Today; the framework finds the engine binaries to download from google storage via a file checked into the tree:
cat bin/internal/engine.version 76b7abb5c853860cb5b488ab5b8e1ad8c41b603e
This hash represents the Git commit hash of the engine version used to produce the production binaries. However, this approach becomes problematic when repositories are merged:
Therefore, we need a mechanism to hash the specific content used to generate the engine binaries, enabling reproducible builds and easier A/B testing.
One approach is to calculate a checksum (e.g., SHA1) of all relevant files locally, similar to using git ls-files. However, ls-files operates on the working tree, which introduces challenges for A/B testing. Local modifications should be testable with et run using only the modified content, independent of the committed state.
Git provides a solution by allowing us to operate on the index with git ls-tree -r HEAD. This command lists the tree objects within the index, providing a consistent snapshot of the content. Here's an example showing how ls-tree works for hashing:
# Regenerate a "blob" hash file_name="engine/src/flutter/vulkan/vulkan_window.h"; (printf "blob $(wc -c < "$file_name" | awk '{print $1}')\0"; cat "$file_name") | sha1sum 11a5a03d15ae21bde366e41291a7899eec44e5ae - git ls-tree -r HEAD engine/src/flutter/vulkan/vulkan_window.h 100644 blob 11a5a03d15ae21bde366e41291a7899eec44e5ae engine/src/flutter/vulkan/vulkan_window.h
To accurately track engine binaries, we only want to include files that directly contribute to the engine build. This includes the engine/ directory and the root DEPS file, which tracks third-party dependencies managed by gclient sync. Using git ls-tree -r HEAD engine DEPS effectively captures all necessary files while excluding irrelevant content from the third_party directory.
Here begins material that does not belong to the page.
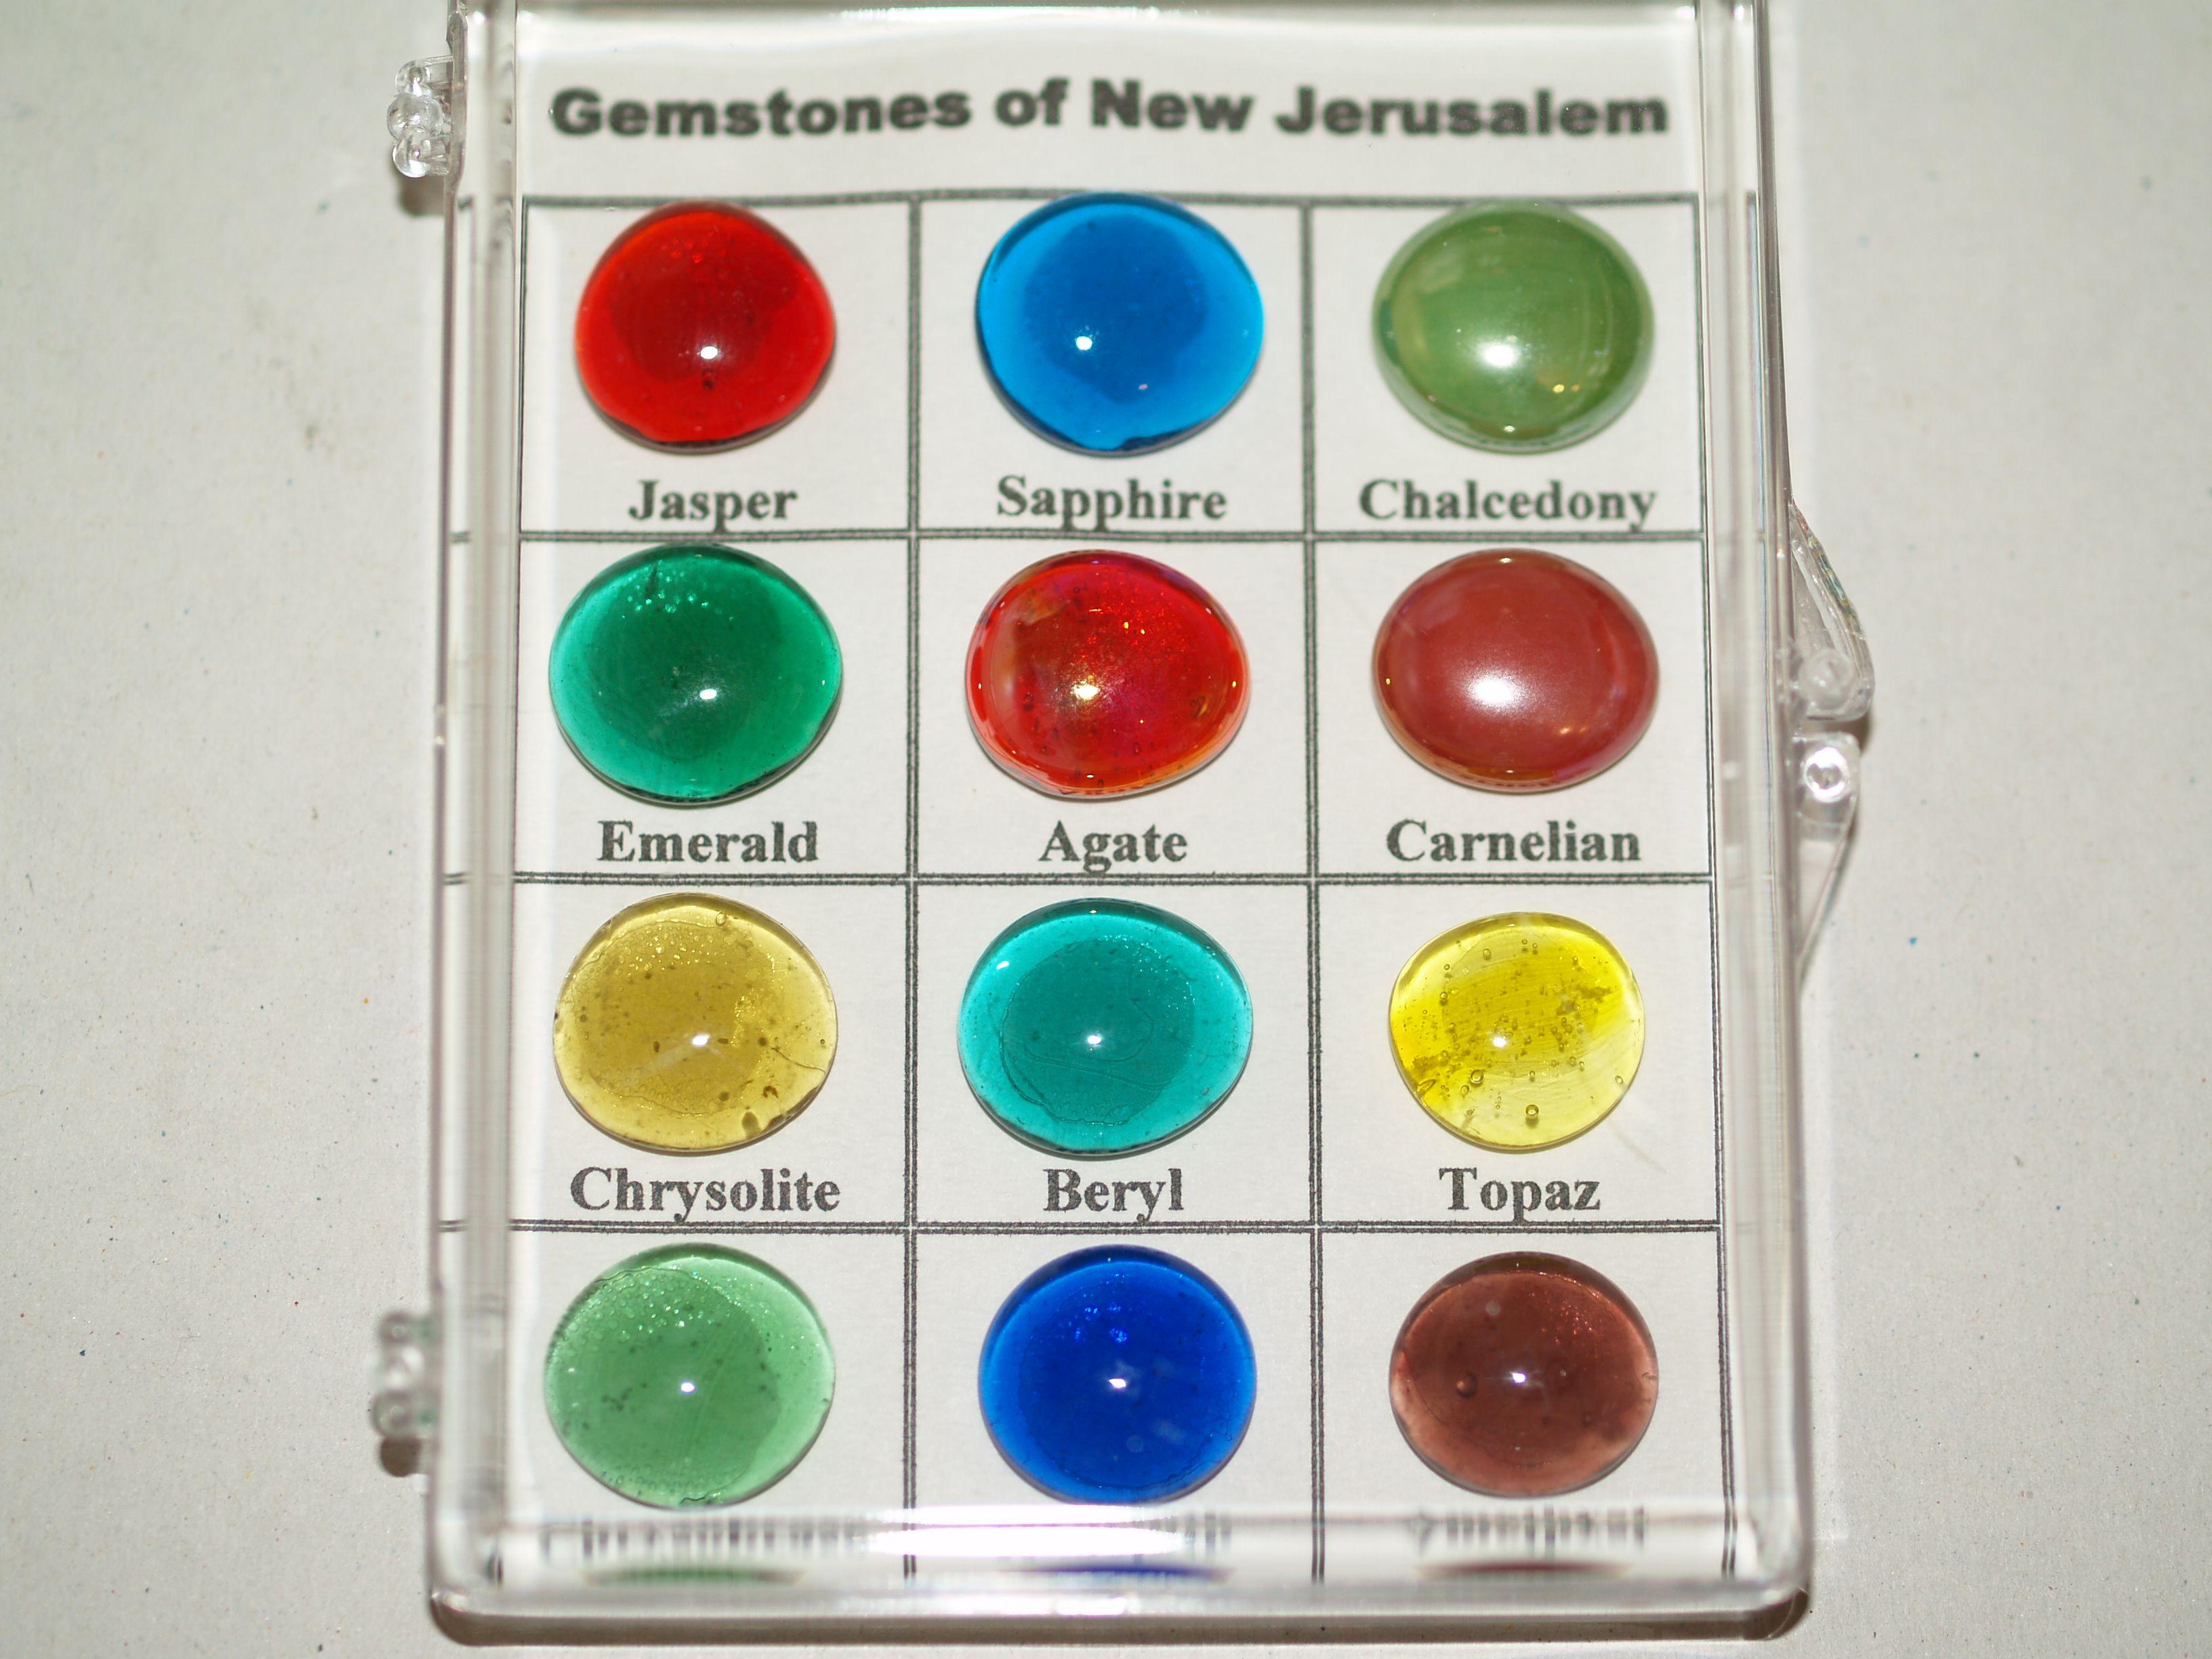 Gemstones Of New Jerusalem Simulated Stones 9 95 Zen Cart The Art Of E Commerce New Jerusalem Stone Gemstones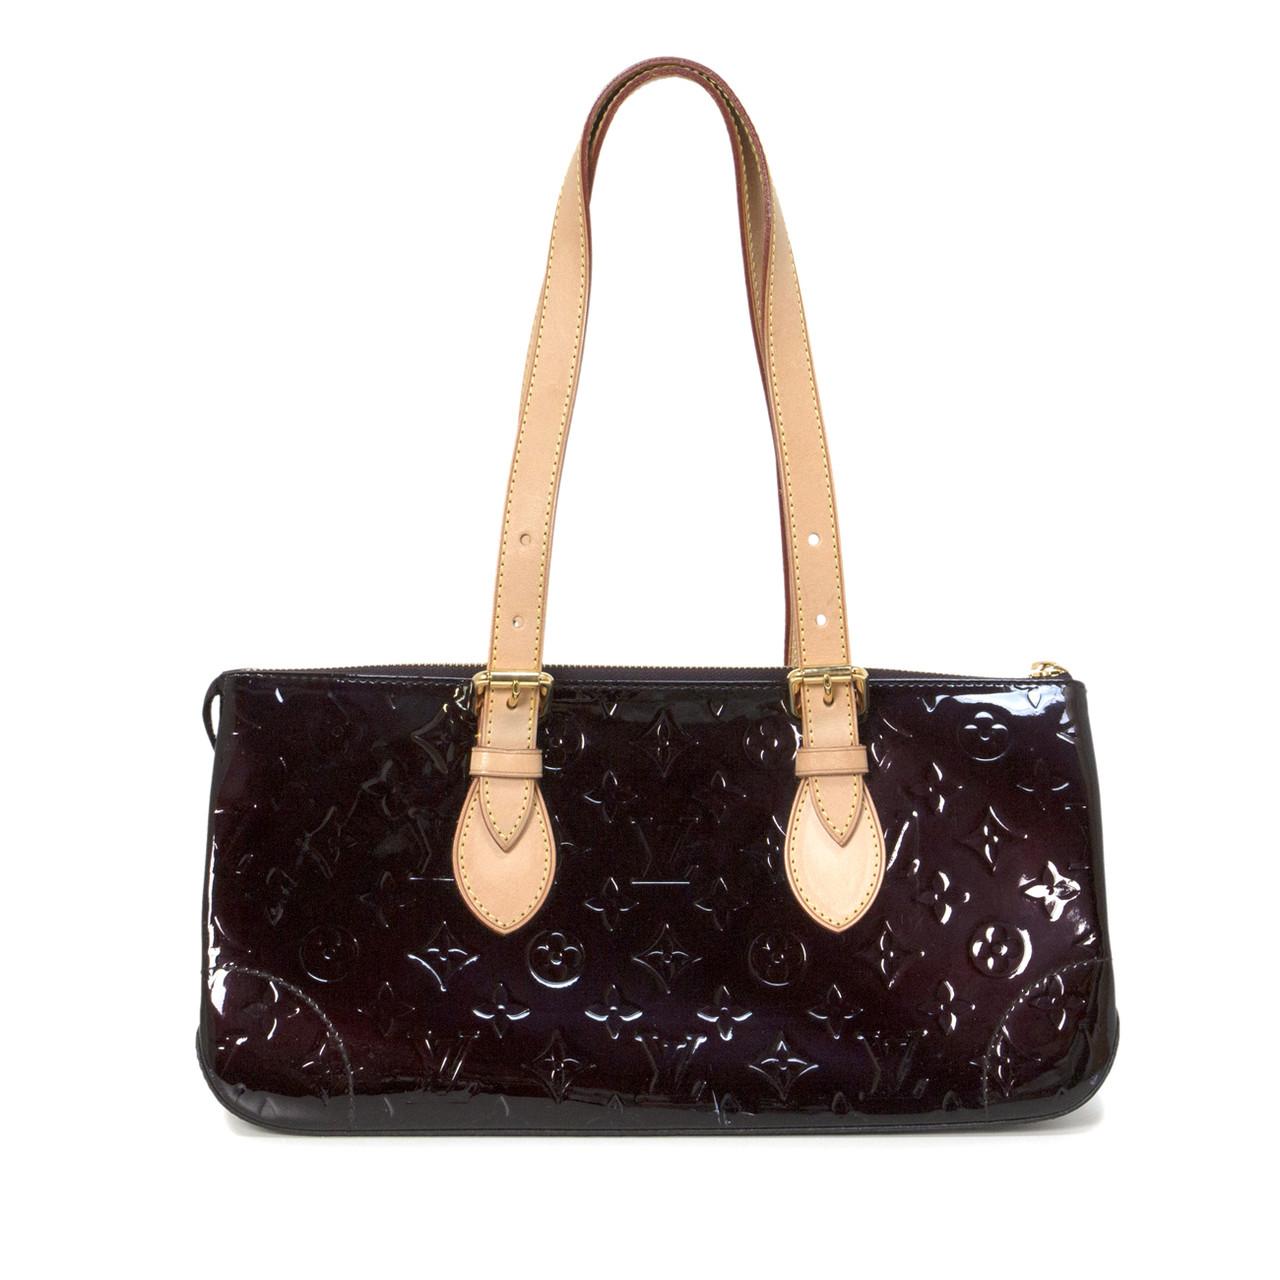 b9cb2cf23985 Louis Vuitton Amarante Vernis Rosewood Avenue - modaselle

100644 blob 5143313ce5826665309e8a086a281ad3ab1a9ce7 DEPS 100644 blob 205edfe43306c4dbf9a4a6f15e83cf5d49b9fc7d engine/src/flutter/.ci.yaml 100644 blob 3c73f32a334086d9a0f4fd468dcdf9505d74e9c5 engine/src/flutter/.clang-format 100644 blob b74be267bc42f08ebf9afe8eec5cbbfe75c5a1c9 engine/src/flutter/.clang-tidy 100644 blob dd395bfd2104526d4f865313eab578f15ee5775b engine/src/flutter/.engine-release.version 100644 blob e69de29bb2d1d6434b8b29ae775ad8c2e48c5391 engine/src/flutter/.git-blame-ignore-revs 100644 blob 915d1ed51d121f1986c9dfe71cf1745c1a11286d engine/src/flutter/.gitattributes 100644 blob c1c1d3d05f37b0e09155b32aceb6d2ec62ee464b engine/src/flutter/.github/PULL_REQUEST_TEMPLATE.md 100644 blob 9688ddae25af122d7c17d9c27d887b84888f3619 engine/src/flutter/.github/dependabot.yml 100644 blob ed7171a9638274d8f411b6bededec61feab15a7b engine/src/flutter/.github/labeler.yml 100644 blob be245c915e7eb5377317cc6eb038442628071790 engine/src/flutter/.github/release.yml # ... all files
To generate a consistent hash across different platforms (including Windows CI environments), we can use git hash-object:
git ls-tree -r HEAD engine DEPS | git hash-object --stdin 3b9abe00dec28902a589c982b5b460b0f9f38e93
When developing a pull request (PR), your branch might contain multiple commits. To enable A/B testing against the engine version at the time of branching, we can modify the hash calculation to use the merge-base. This ensures that the generated hash reflects the engine state at the branch point, facilitating accurate comparisons.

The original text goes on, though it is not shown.